Sustainability is increasingly important in every sector. In the age of net zero, how is Mauritius using its head start in sustainable tourism to further strengthen momentum in the broader green economy? 

Indeed, sustainable and eco-friendly tourism has given us a head start to bolster our green economy, be it in terms of green buildings, resorts that cater for their own waste management or energy generation, or sustainable fishing. The government has also clearly enunciated its objective of increasing the share of energy produced from renewable sources to 60 percent by 2030, with the phasing out of coal within this same period. This will be done by embracing renewable sources of energy such as solar and wind, as well as biomass and waste.

Several initiatives have been put in place in this respect, such as investments in batteries to address intermittency in energy supply and the setting up of a biomass framework with a fixed price for bagasse, which is a by-product of sugar cane. Some incentives have also been put forward to accelerate the electrification of the vehicle fleet, as well as to encourage the domestic and commercial production and supply of renewable energy for sustainability and environmental benefits.

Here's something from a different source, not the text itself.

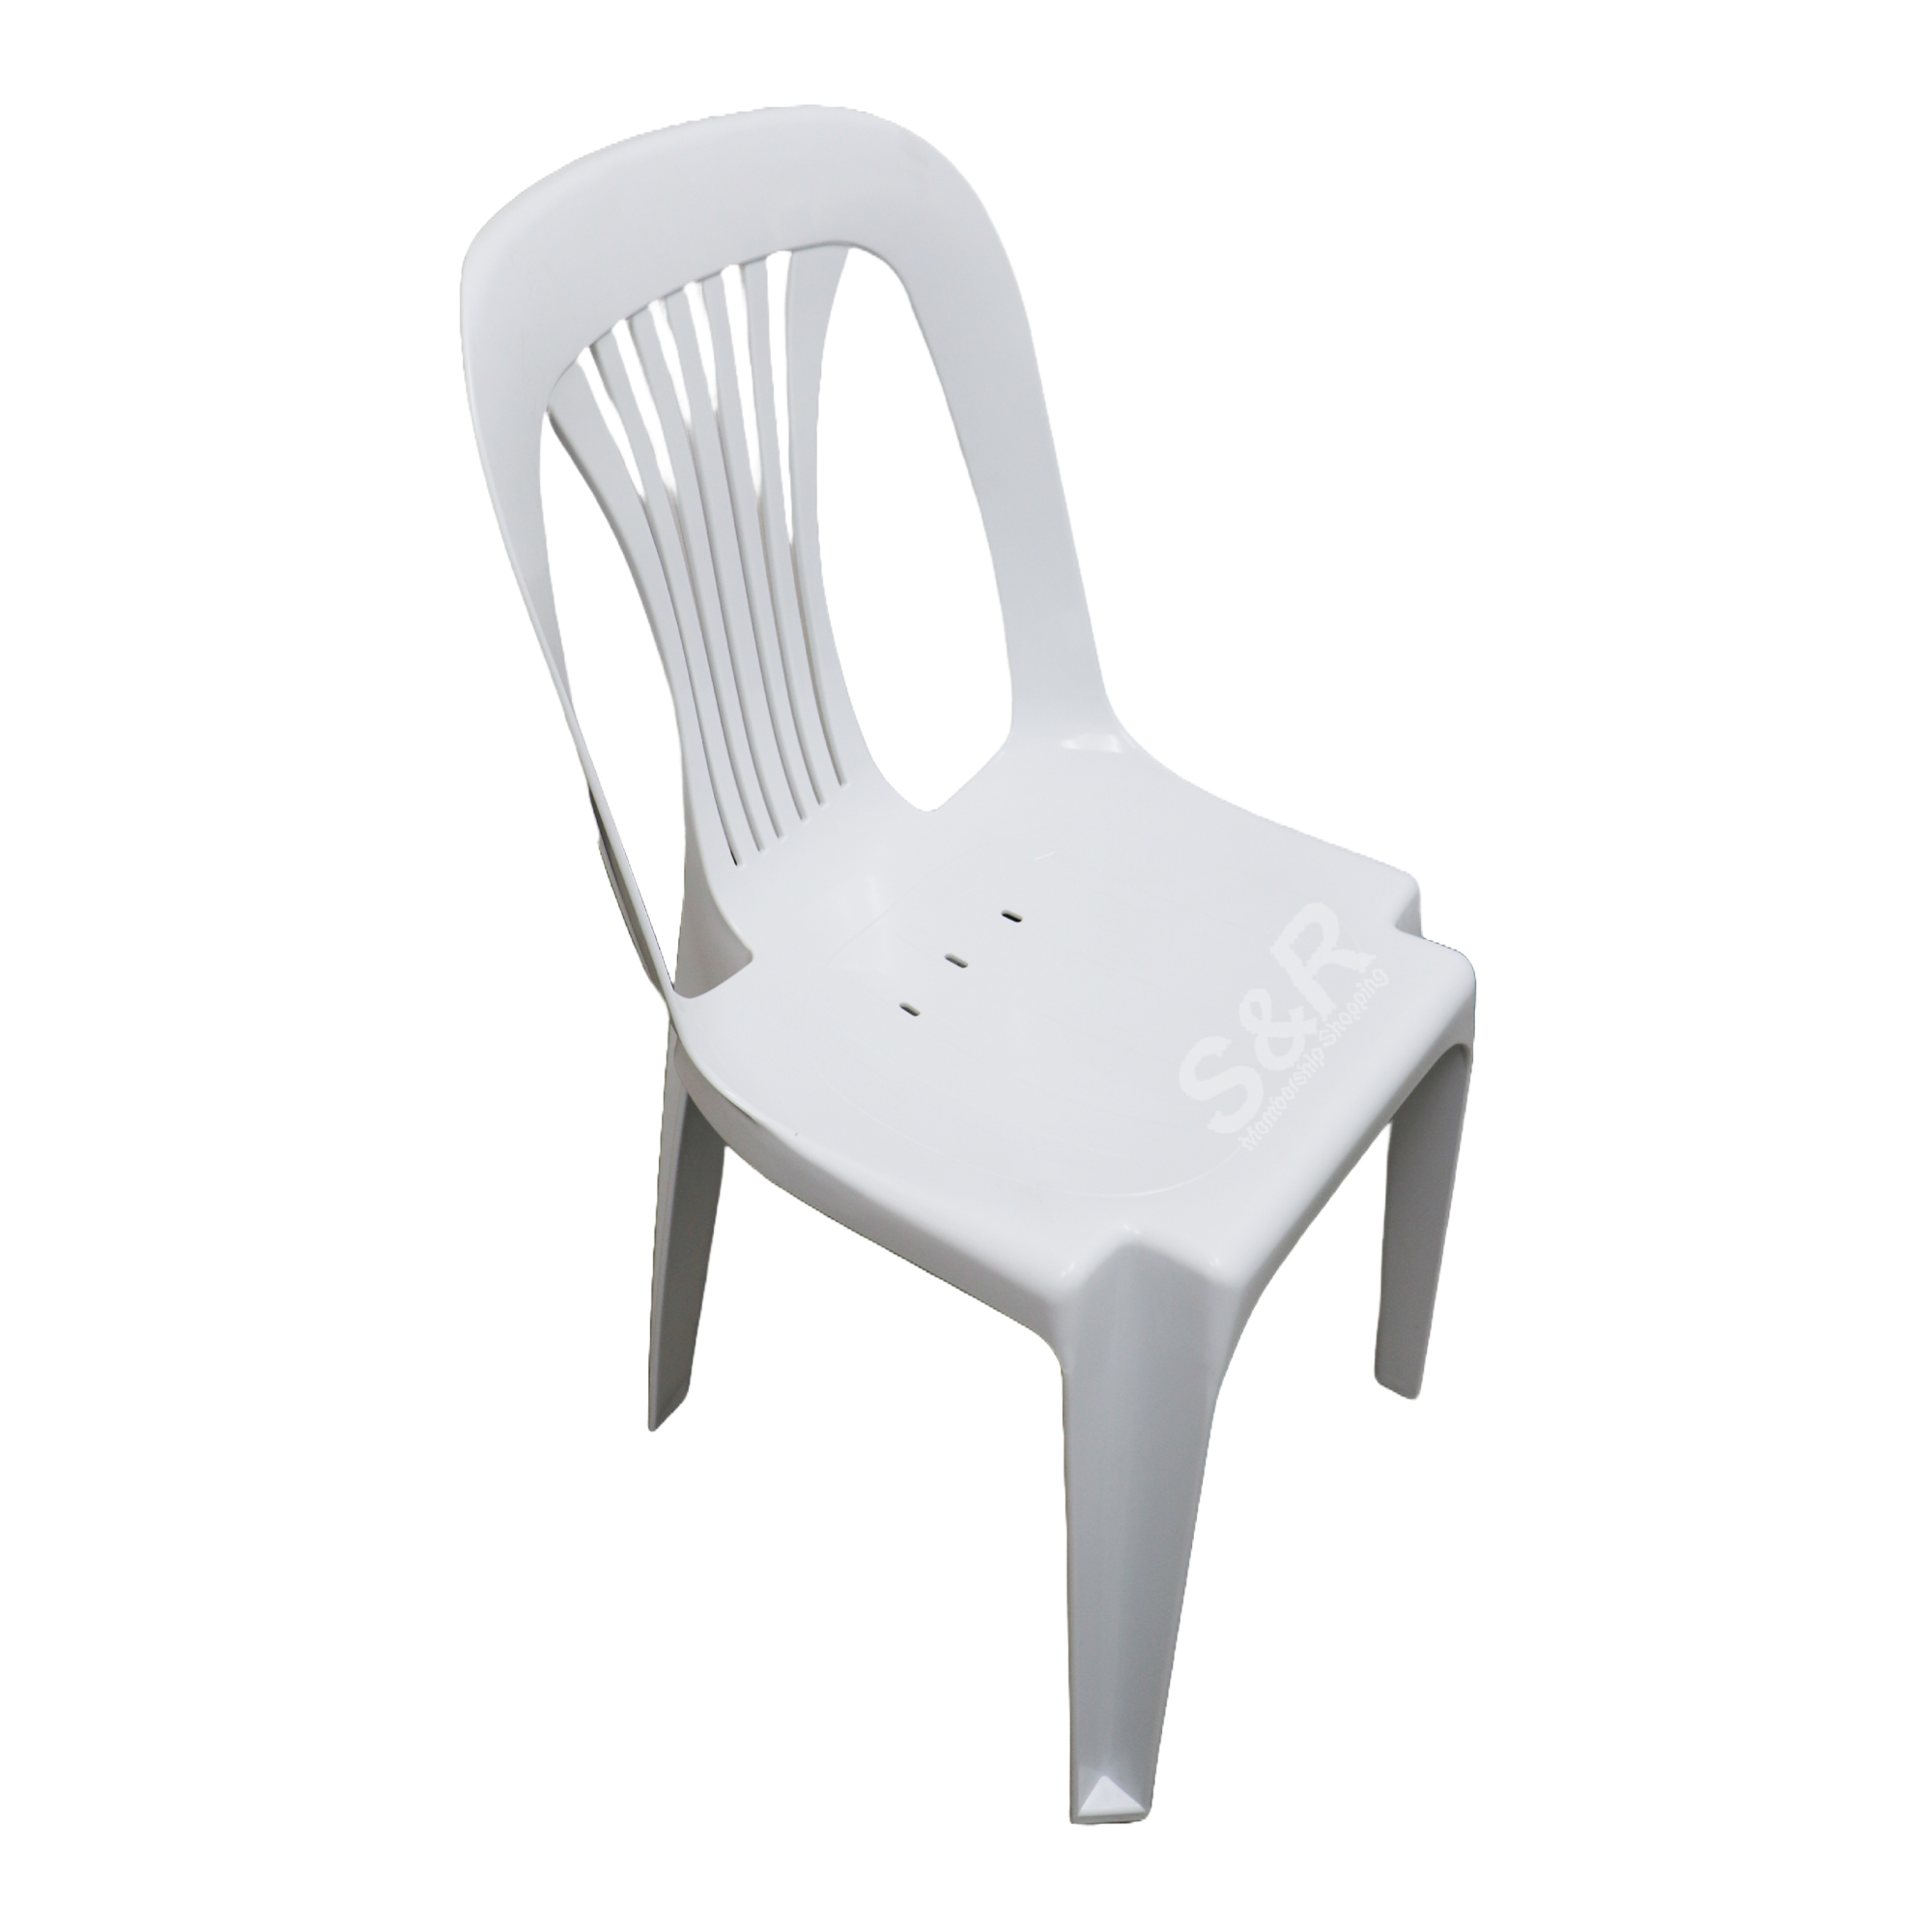 Member's Value Monoblock Chair White

This strategy also provides for critical economic benefits, notably in the light of increasing global volatility in energy prices and supply. Fuel imports represent a major component of our total imports and, by engaging in increased production of energy through renewable sources, we can improve our trade balance whilst ensuring security in terms of supply.

 

In recent years, EDB has opened offices in France and India, as well as several others in Asia and Africa. In March, EDB opened yet another office in Dubai. What is your plan for building “brand Mauritius” on the global stage, and elevating its reputation as a safe, sound and attractive multicultural haven?

The global offices of EDB are there to nurture investor relations, secure markets for our products and services, and position Mauritius as a trusted jurisdiction of choice. Our presence in those markets is two-fold: to promote trade and investment, and to showcase the opportunities for business development in Africa and other emerging markets through the Mauritius International Financial Centre and the Mauritius Freeport.

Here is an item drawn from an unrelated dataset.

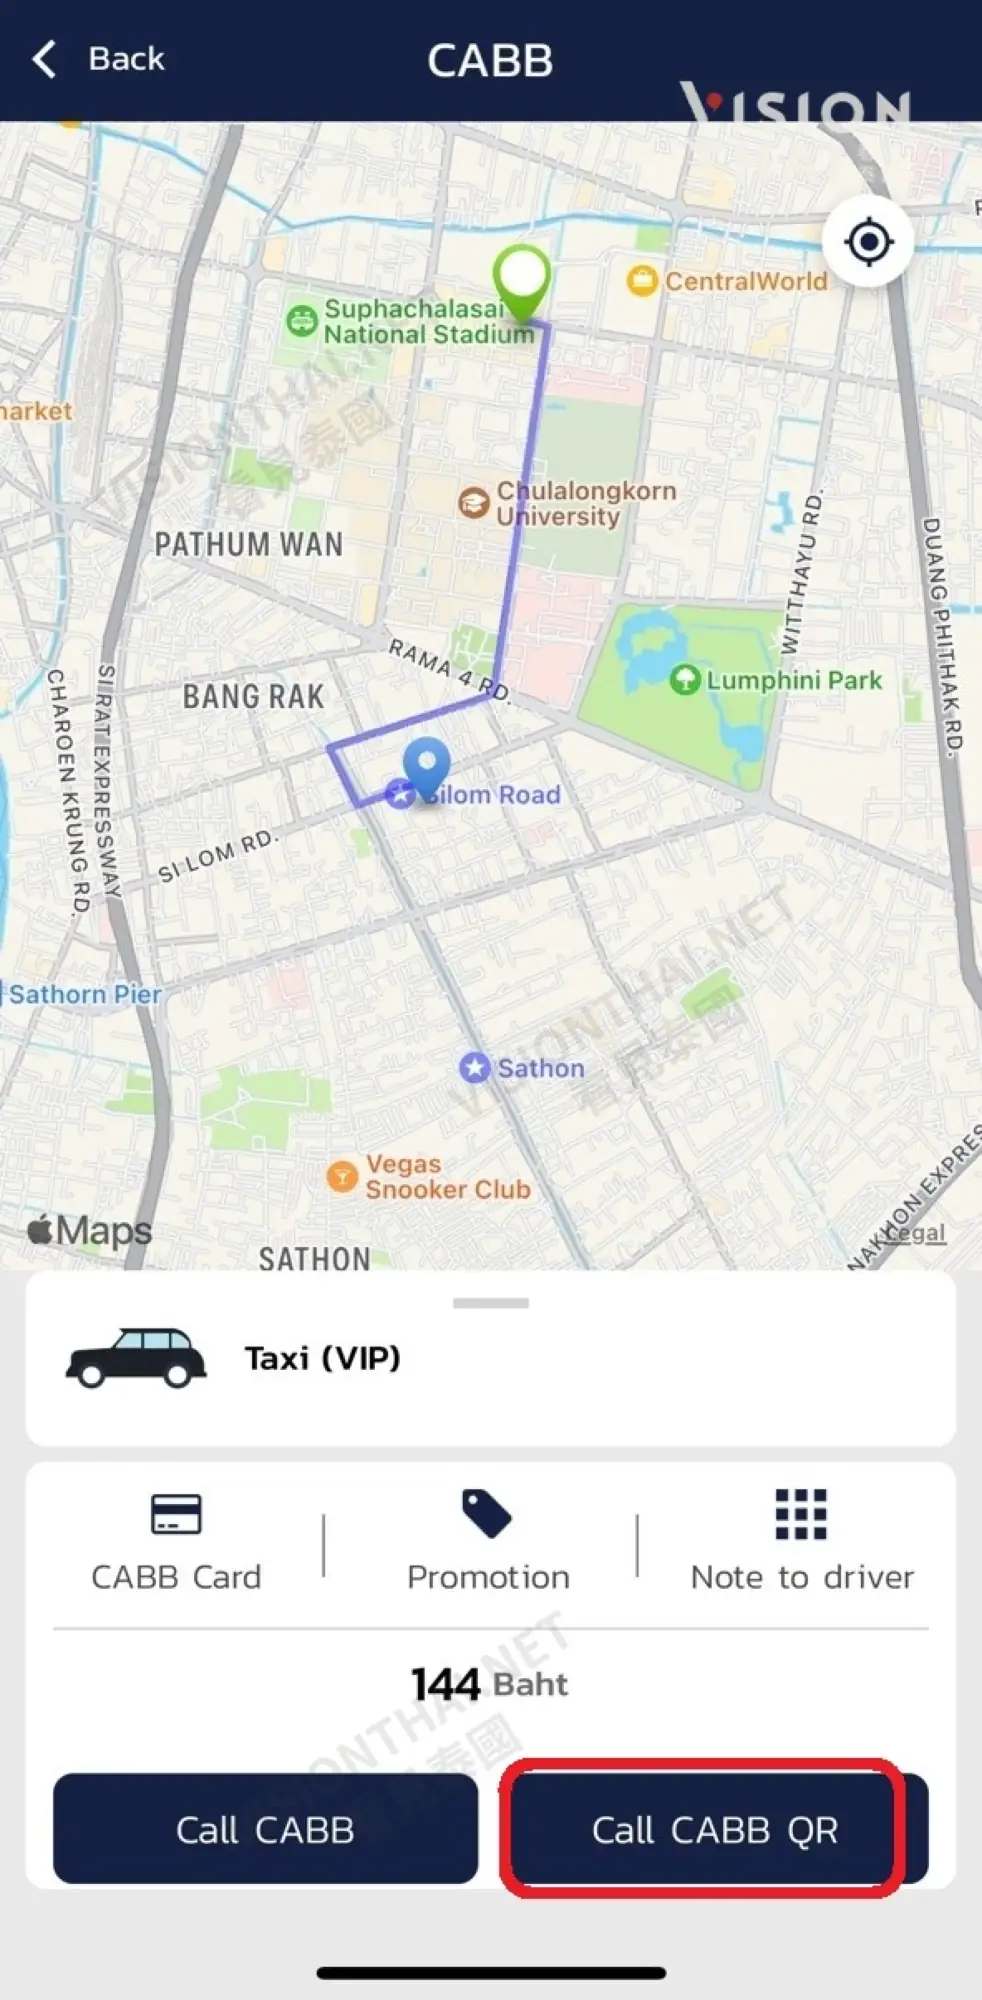 泰國叫車App CABB使用教學（圖片來源：Vision Thai 看見泰國）

As we consolidate our established markets, it has also become essential to position Mauritius in newly emerging countries where we have secured preferential market access. The trade agreements that Mauritius recently signed—namely CECPA with India, the China FTA and AfCFTA—provide economic operators of all parties with numerous opportunities and EDB’s offices are there to fully tap into those.

These trade agreements represent different opportunities in themselves and EDB has further initiated background work to understand the capacity building and investment requirements of our current exporters to fully exploit these opportunities.

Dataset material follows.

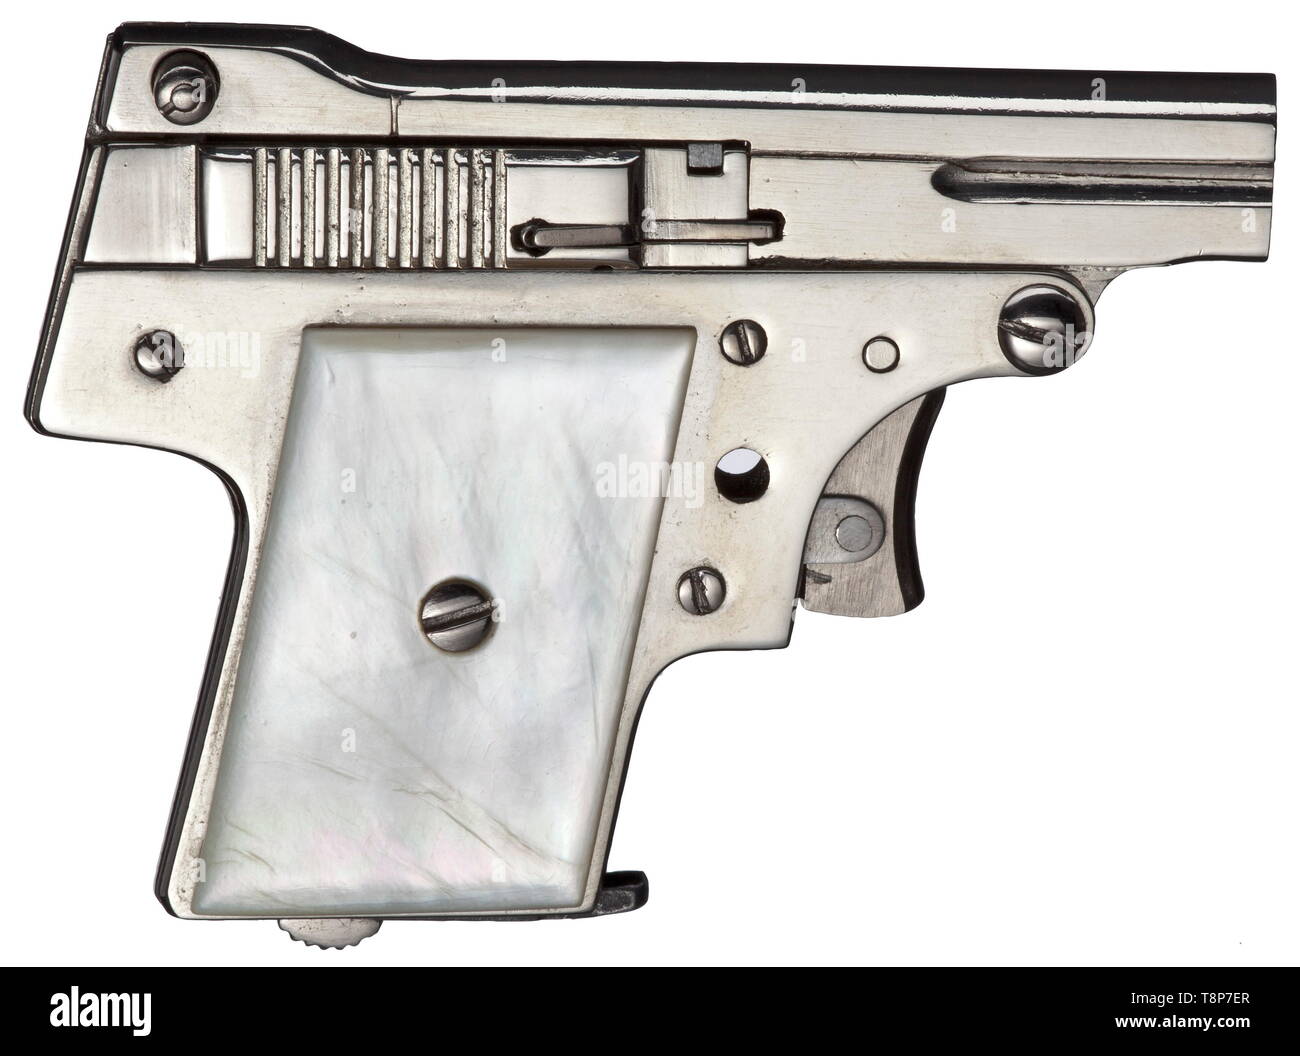 Una pistola del calibre 3 mm Kolibri Kolibri, S/N, sin ninguna prueba de  marca e inscripción. Orificio liso, barril longitud 30 mm, 69 mm de  longitud total. Seis disparos. Todas las partes

India and China are already the two major trading partners of Mauritius and recently South Africa has emerged as a leading market for Mauritian exporters. We strongly believe that we can position ourselves as a manufacturing hub as well as a jurisdiction of choice for Indian and Chinese businesses to service the African continent from.

 

What are your own personal ambitions as CEO of EDB, and what key priorities and projects are you working on to take the organization or the Mauritian economy to the next level?

The government has demonstrated its determination to build the future of Mauritius on the triptych of sustainability, innovation and inclusiveness. Our actions at EDB will therefore go in this direction. My key priorities are the continuous improvement of the business environment, developing new pillars in line with the government’s vision, and advocating for the right regulatory framework to attract more local and foreign investments in traditional and new sectors.

We will continue with our mission to promote Mauritius as the platform of choice for investors to service the African continent and, finally, we will multiply our efforts to make the most of the opportunities under the new trade agreements.